Uncle Aldon waited in the armory, sitting on a short stool next to a rack of practice swords. Aldon’s short, iron-gray hair and stern features made him look almost as metallic as the weapons which inhabited his world. Cal automatically opened the lid of his storage chest to remove his chain mail, but Aldon interrupted him with a blunt command, “Rapiers today. No armor.”

Aldon rose from his stool and stalked from the room.

Rapiers. Why today, of all days?

While Cal still stared in disgust at the rack of plain practice swords, his younger brothers finally appeared in the armory. Earwin, who at sixteen was only two years younger than Cal, quickly selected a blade. His surety irritated his much larger brother, who did not want to use one of the vile things in the first place.

Reluctantly, Cal removed one of the rapiers from the rack. He examined the rebated edges and balled point to make sure it was safe to use for training. The thin, easy-to-handle sword looked ridiculously fragile compared to his powerful left arm and thick wrist.

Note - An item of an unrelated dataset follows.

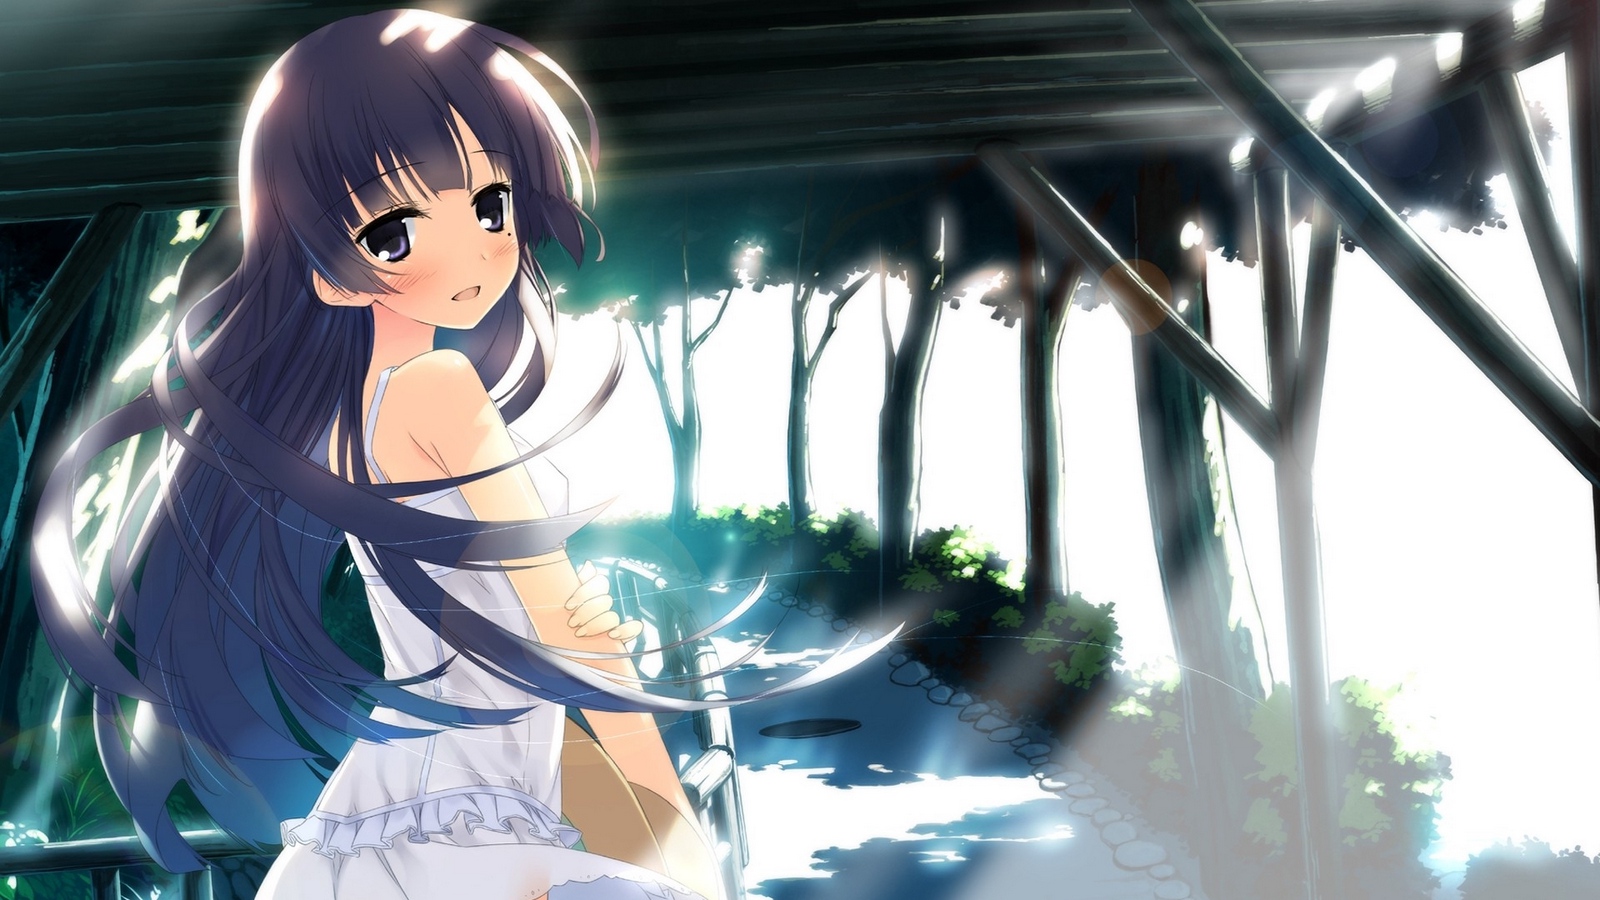 Wallpaper Anime Girl, Tender, Cool, Summer - Anime Girl Summer Background -  1600x900 Wallpaper 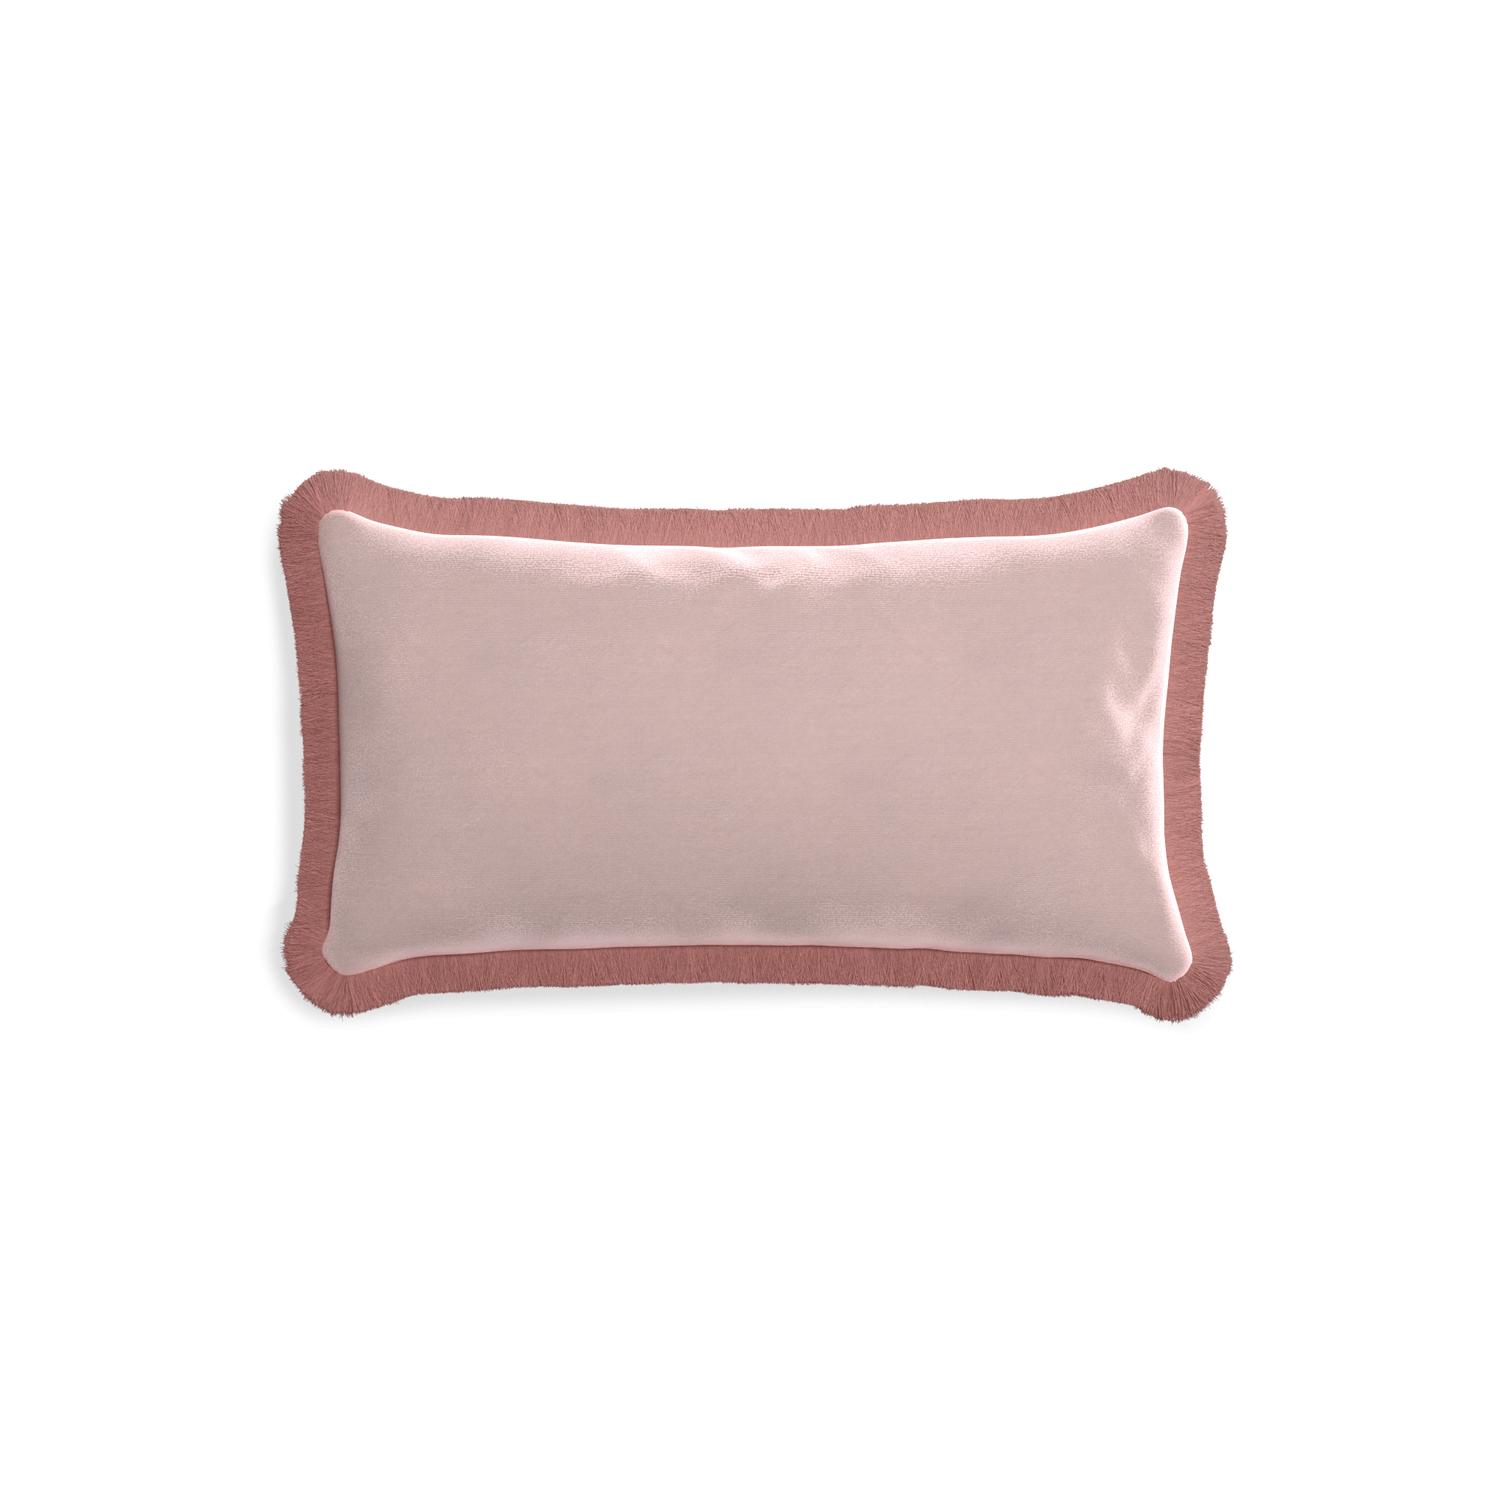 rectangle light pink velvet pillow with dusty rose fringe

He looked out the armory’s window. Along with the housecarls and squires who regularly trained in the practice yard, a swarm of spectators crowded the field. The practice yard always attracted a crowd just before Dannik’s spring fair. Many caravan guards, tradesmen and other travelers had little to do before the fairground opened, including a large number of unattached young ladies.

Great, I have to use this stupid toy in front of everyone.

Rather than entering the yard, Cal sat on a stool beside his stored gear, and closed his eyes. He fed annoyance, and fear of failing into his mind until he felt restrained anger pulsing through his brain, accelerating his senses into a hyper-reactive pitch. Now he was ready.

As Cal opened the armory door, the housecarls and guardsmen practicing in the yard looked up from their training to watch him. This subtle deference still surprised him every time he noticed it. Sometime in the last year, his training sessions began to distract the household soldiers from their drills.